There were significant statistical changes after the education program in the doctor's BC screening tests except on the following items: mammography sensitivity is 77-95% and specificity of 94-97% and ultrasonography is not to be used for routine screening. Significant changes were achieved after the program in the following items of BC screening guidelines: BCE by professional advice to all women ³ 20 years (p< .001), mammography is the only screening method that proves to decrease BC mortality and morbidity (p< .001), because mammography and BCE is variable sensitive, BSE has been advised also to women > 20 yrs old (p= .013). The correct responses of doctors before the program in other items were already high.

There were significant statistical changes after the education program in the physician's attitude toward breast cancer (Table 4). The total attitude score improved significantly and improved significantly on items: Women will attend BC screening program if the PHC doctor will advice them to go (p= .013), treatment modality of BC depends on the histological types and stage of the disease not the patient choice (p< .001), and the patient should be referred to psychiatry after diagnosis of BC (p= .007).

The physicians' practice responses totally improved (p< .001), as shown in Table 5: Each item improved significantly too as follows: Comparing the nature of the two breasts (p=.014), total score of nodular lump examination (p< .001), and total score of soft examination (p< .001).

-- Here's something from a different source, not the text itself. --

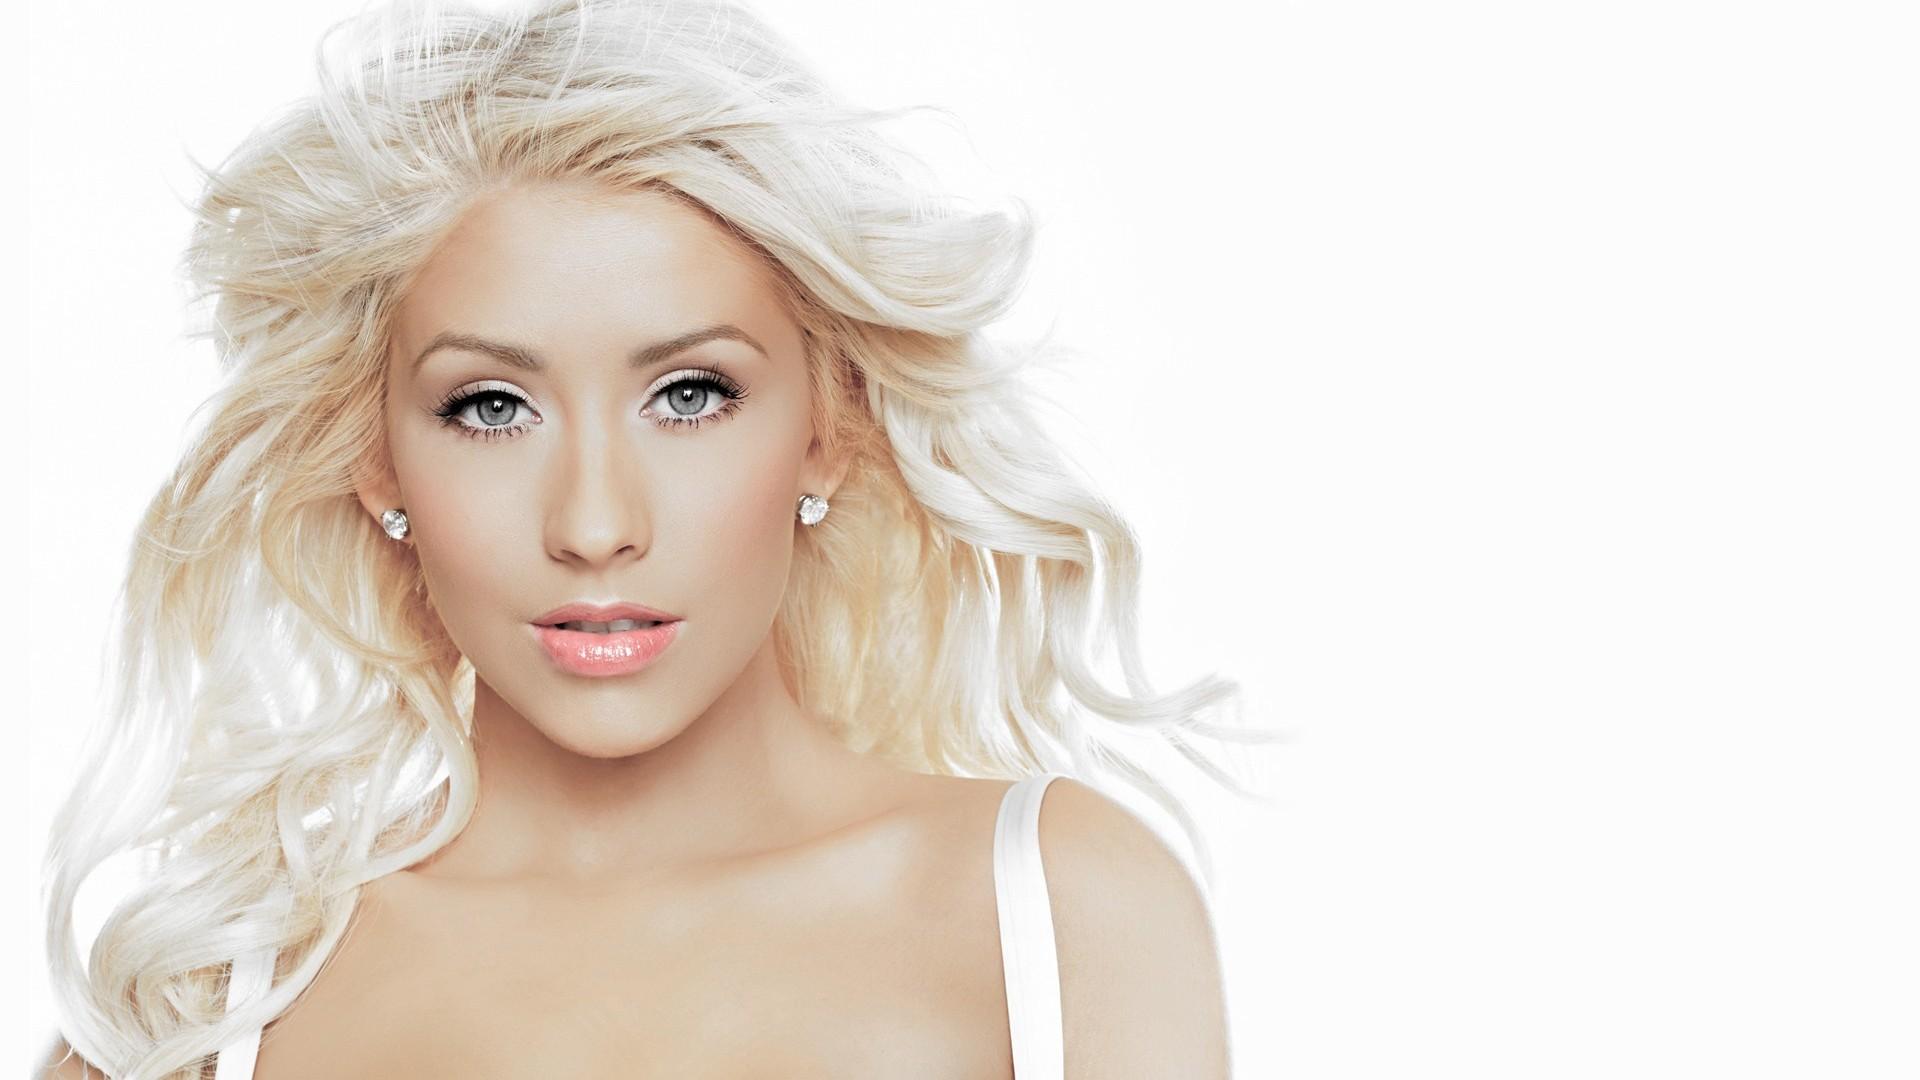 Christina Aguilera wallpaper 4823 1920x1080

They also significantly improved in identifying all kind of both soft and nodular lumps as shown in Table 6.

Like other studies in literature 17,18,19,20 the findings of the study show that intervention programs to improve the KAP of physicians increase their KAP significantly and therefore significant increase in their utilizing of BC early detection screening is to be expected.

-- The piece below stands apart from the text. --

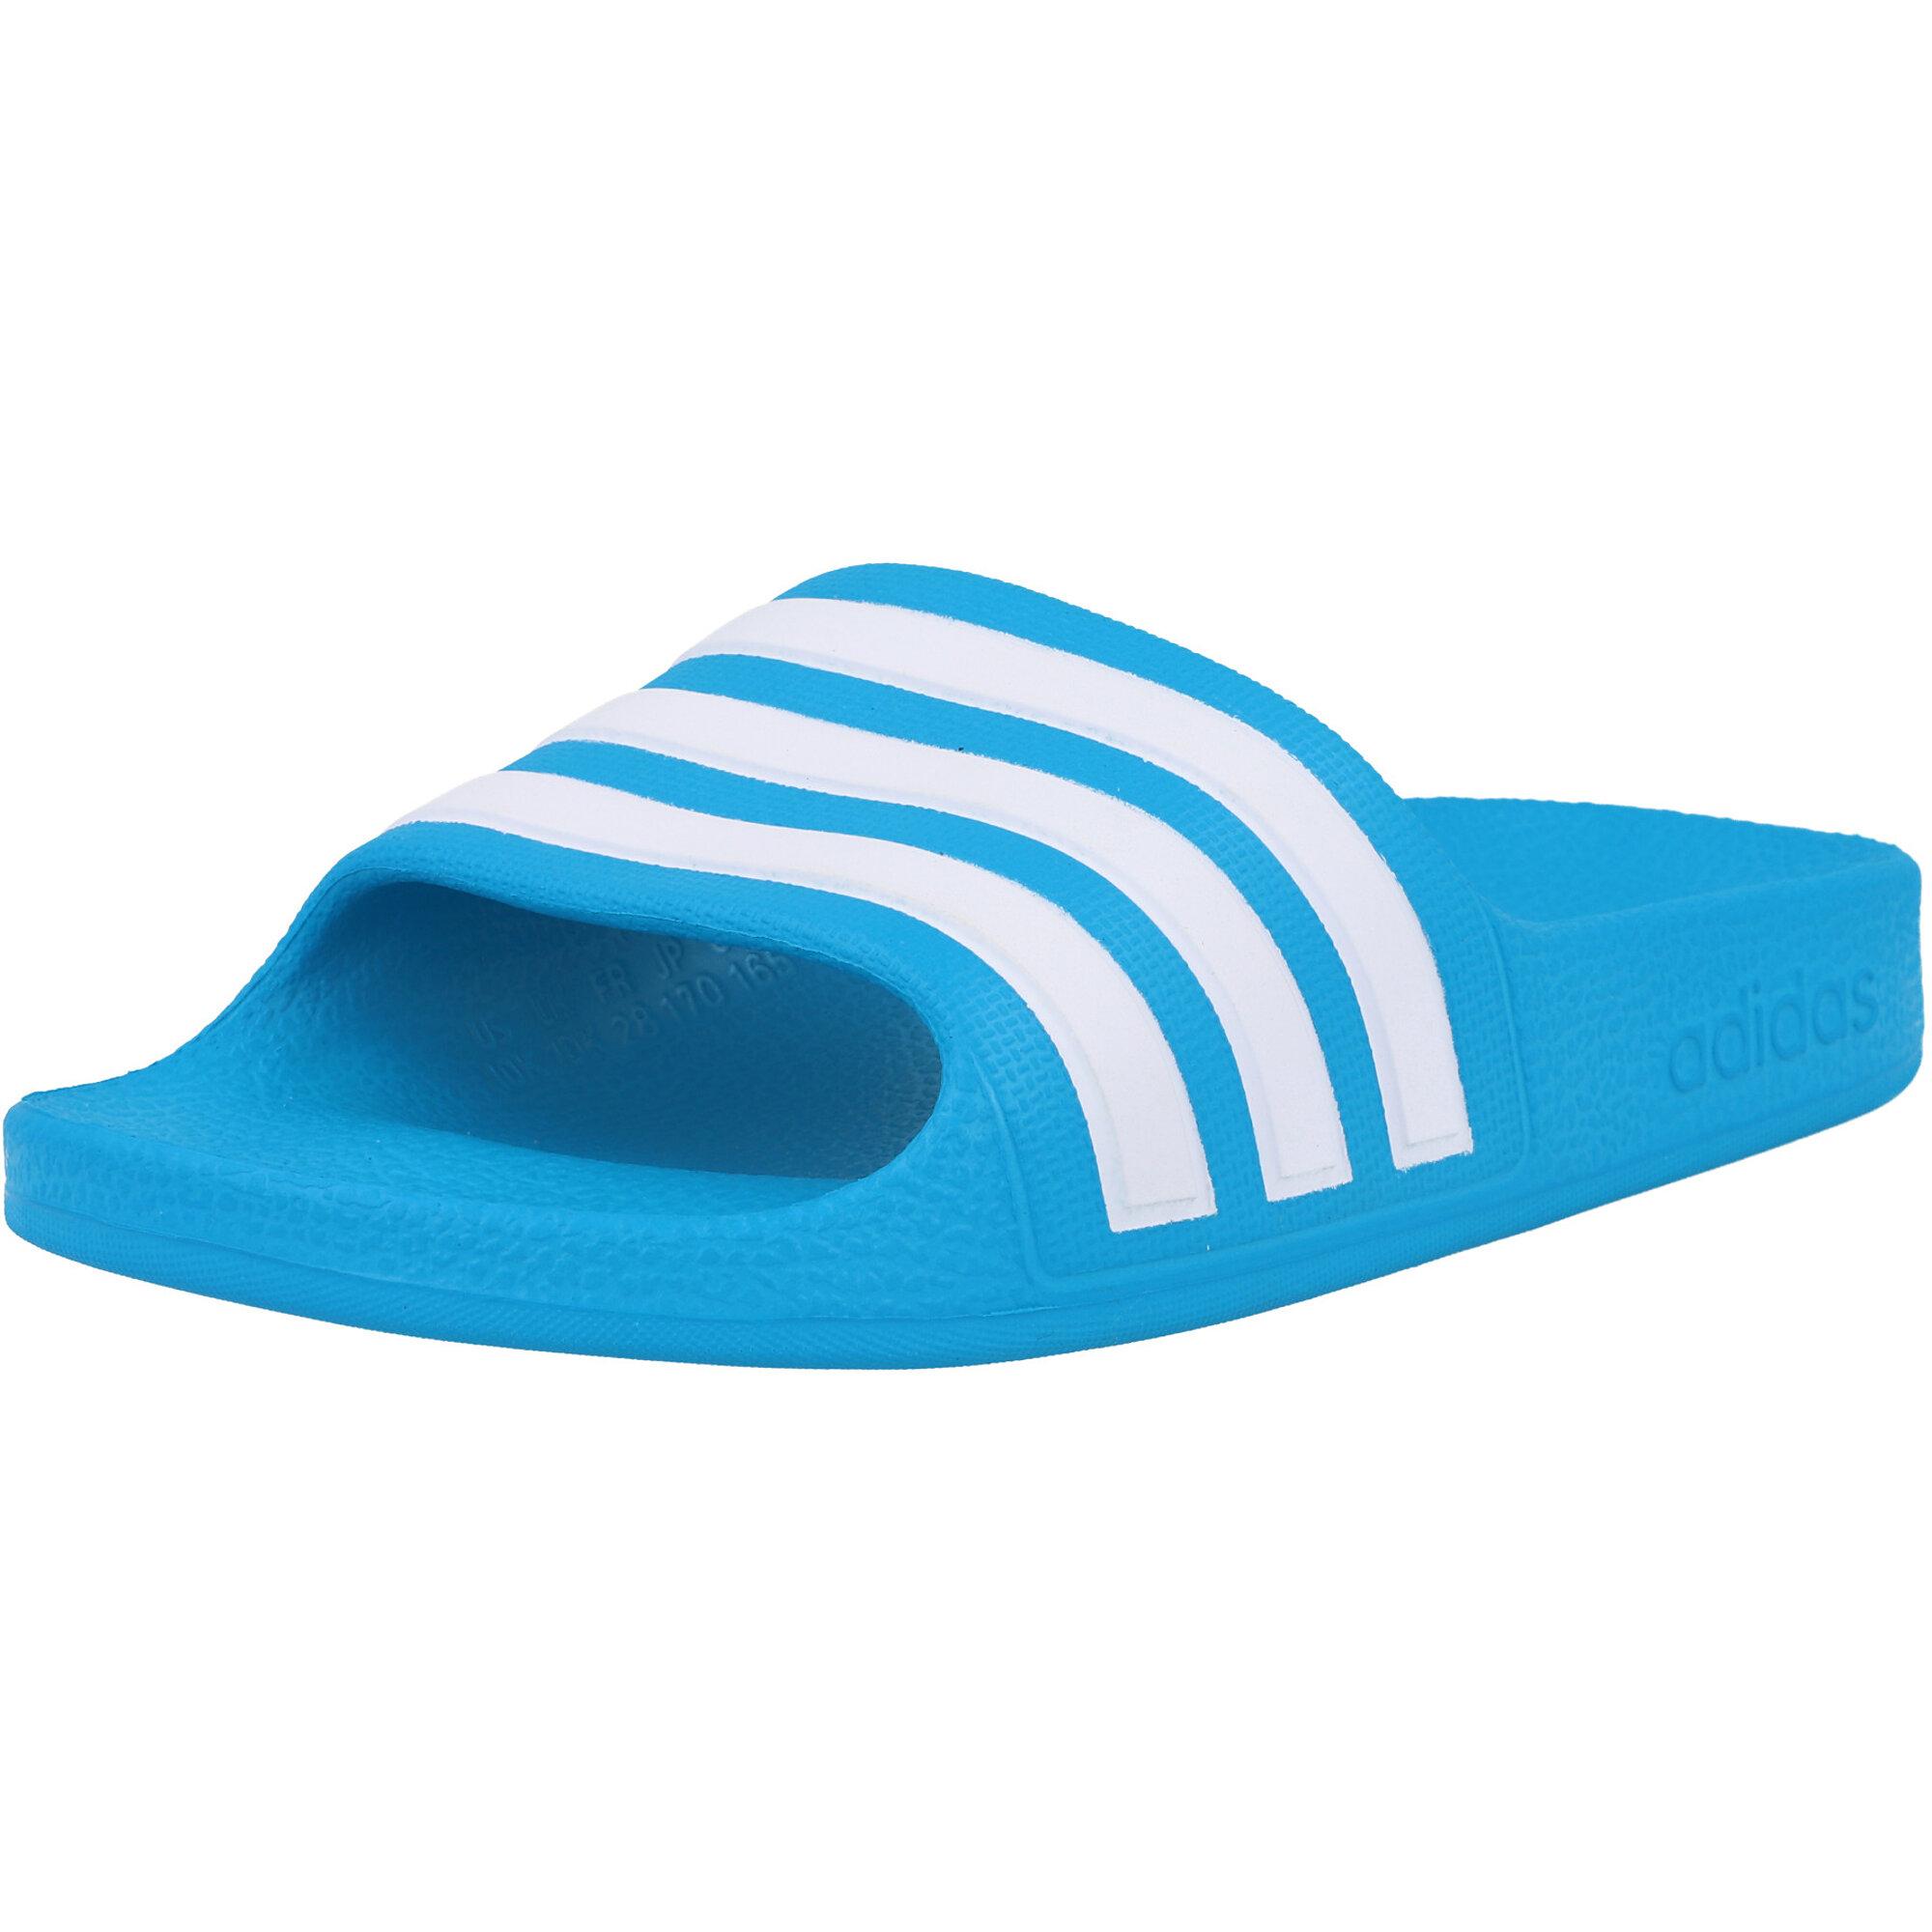 adidas adilette Aqua K Blue/White Synthetic

From the results of the study, the following are stated: (1) Before intervention was given, the physicians had good knowledge about breast cancer and early detection but scored low regarding practice of BC early detection and had a negative attitude of it too, and (2) After the educational program, there were significant positive changes in physicians KAP.

The conclusions showed that programs for the improvement of BC KAP should be part of the medical curriculum and for those who had not taken some programs in their undergraduate medical training, BC KAP intervention programs should be part of PHC physicians' CME. A replication of this study to be conducted to all PHC physicians would an interesting thing to do.